Various surveillance tools are employed to monitor the general population as well. Earlier in 2022, the government made it mandatory for business owners to install CCTV cameras outside their establishments. The Srinagar police warned of punitive action for those who did not comply with the order. The Jammu and Kashmir police, in September 2022, announced that they will be doing regular drone surveillance of "suspected localities" and installing CCTV surveillance systems across the region. In an interview published this January, Kashmir's Additional Director General of Police declared that technical surveillance would increase in Kashmir given the G20 meetings hosted by India this year and the parliamentary elections due in 2024.

According to an Intelligence Bureau official in Kashmir, a million phones were tapped by 2014.

Given this multi-level surveillance architecture in Kashmir, the Family ID will act as another layer of surveillance. The same database may also be used to build stronger cases for penalising people when their friends and family are involved in 'anti-national' activities. In Kashmir, friends and relatives of pro-independence leaders and militants are often harassed and targeted by government forces to put pressure on such leaders and militants to surrender. The relatives are often denied passports and government employment. Government forces have also been accused of ransacking militants' family homes and assaulting members of their families.
Privacy advocates in India emphasise the need for a data protection law and point towards the potential of data being misused in the absence of such a law. Prasanth Sugathan, the legal director of the Software Freedom Law Center, said that a data collection exercise such as the Family ID scheme, "in the absence of a law preventing misuse of this data, could result in infringement of the privacy rights of people." Anushka Jain, an associate counsel at the Internet Freedom Foundation, also highlighted the surveillance risks posed by the database. "Jammu and Kashmir is a sensitive area and the information that they are collecting is also extremely sensitive," Jain said. She added that there have been no limits placed on the interdepartmental sharing of data, which could lead to problems as any government authority could access data collected by other government authorities. The lack of checks and balances means that any security or intelligence agency could use the Family ID database for its own purposes without legal constraints.

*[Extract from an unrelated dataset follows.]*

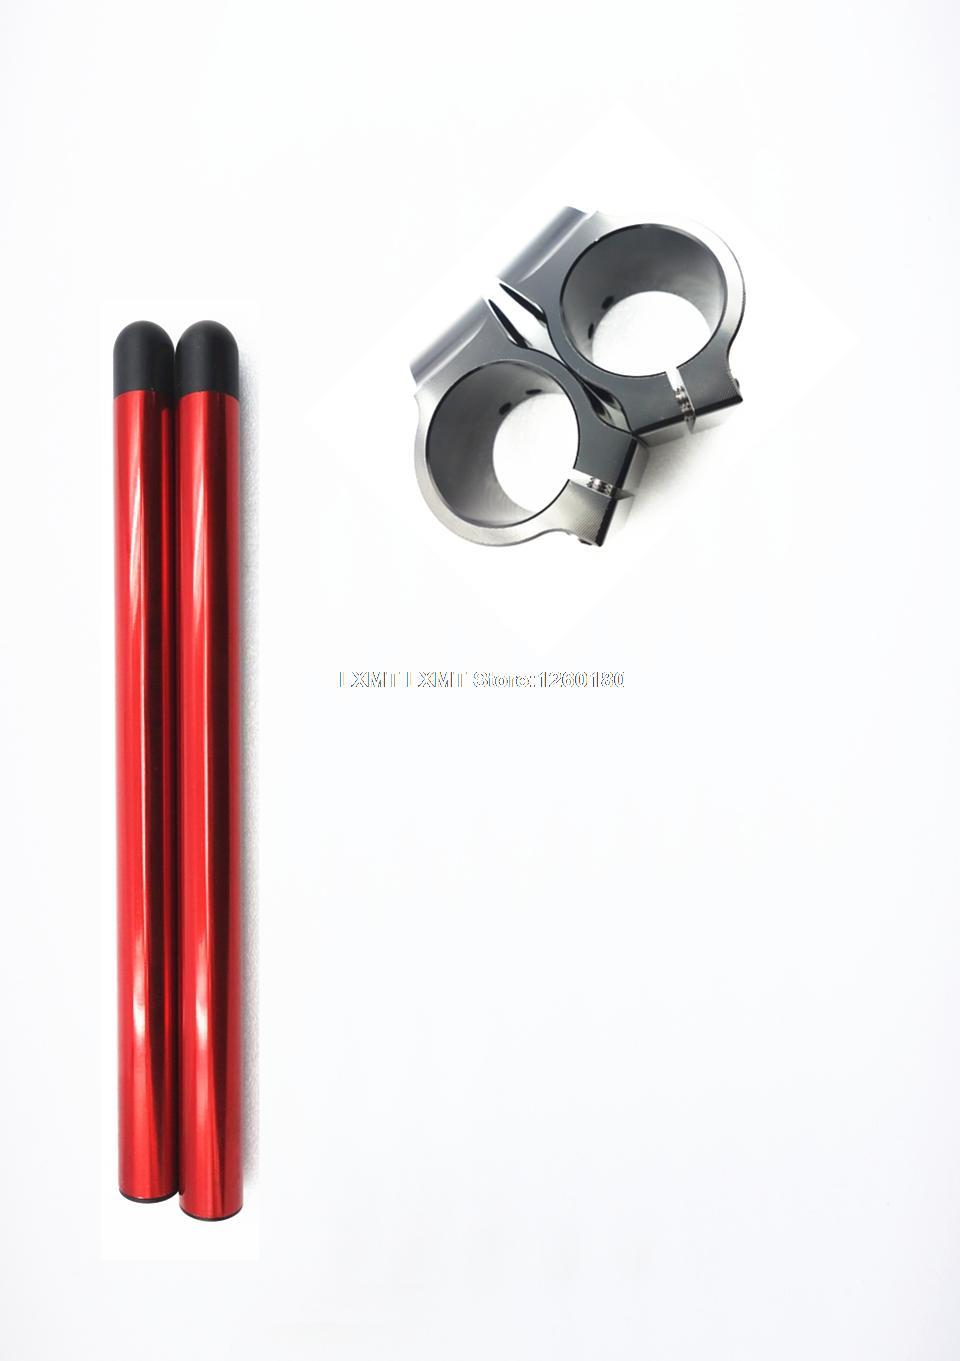 Billet Higher Raised Raised Clip On Ons Clipon Fork Handle Bars fit MASSEY FERGUSON MF 700 D/4WD Auto (686cc Diesel) 2005 - 2008(China (Mainland))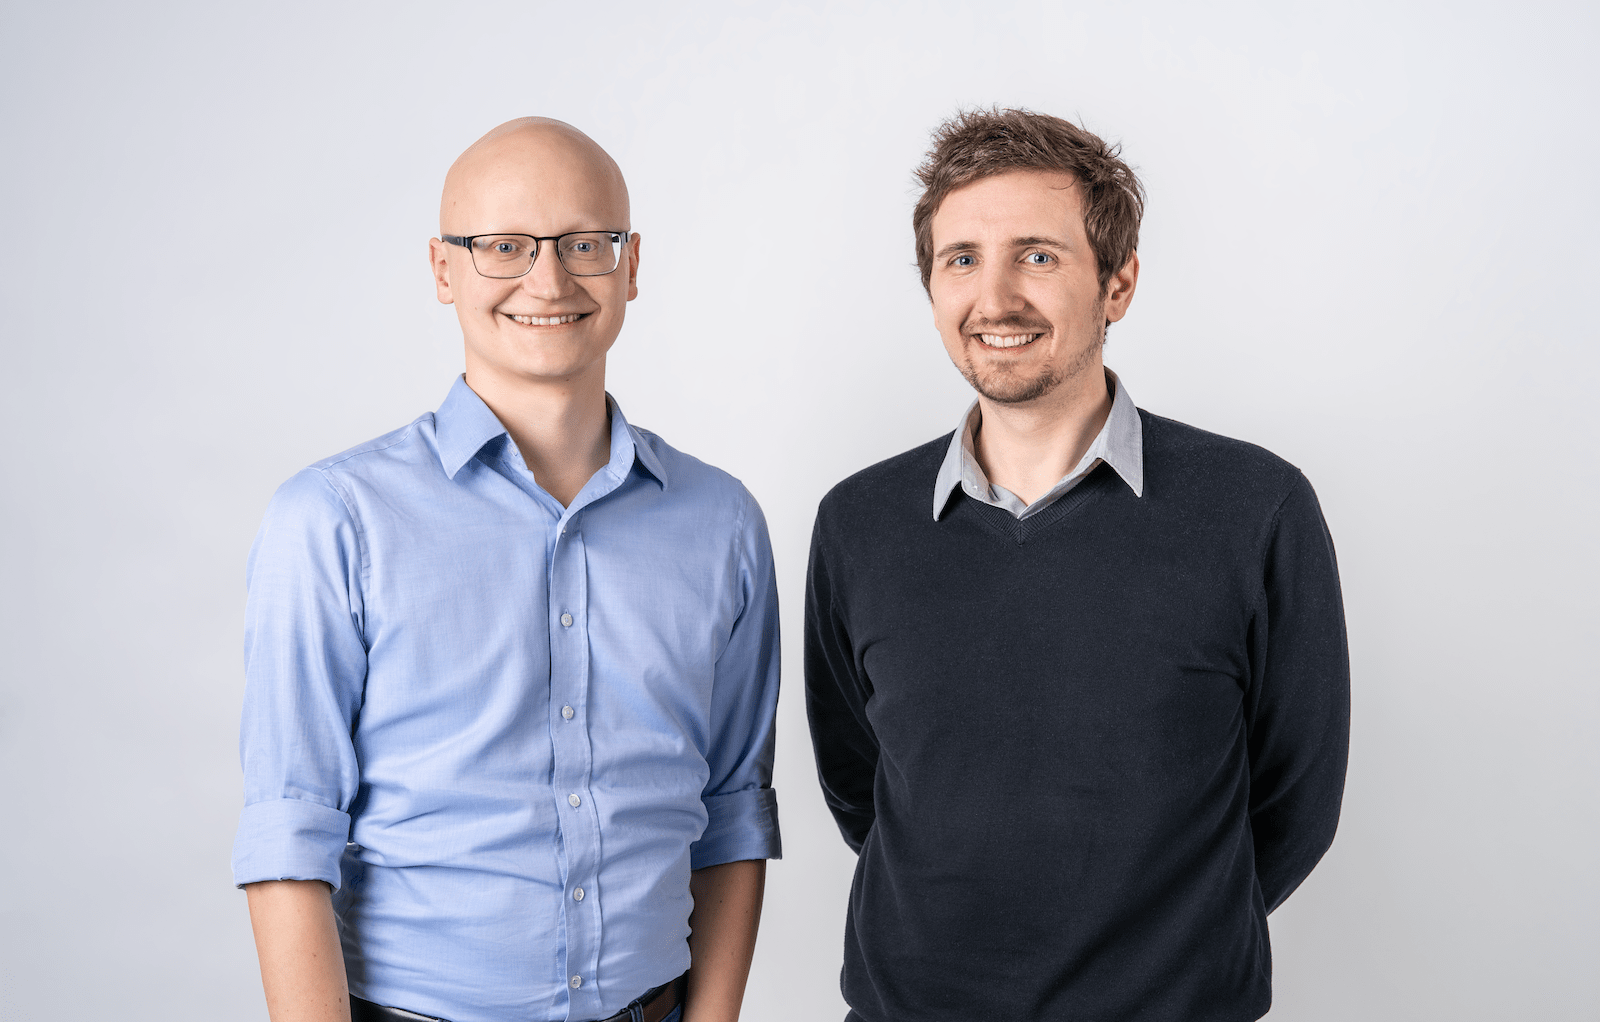 Kaleido AI founders, Benjamin Groessing and David Fankhauser.

In the absence of a data governance law, a police state such as the one operating in Jammu and Kashmir is almost bound to use the Family ID database to meet its 'security' and 'intelligence' needs. Mainland India has several civil society groups that have fought and successfully won battles on digital rights issues, like the right to privacy and net neutrality. However, it remains to be seen whether they will oppose the Family ID and if the Jammu and Kashmir administration will face legal challenges to implementing it.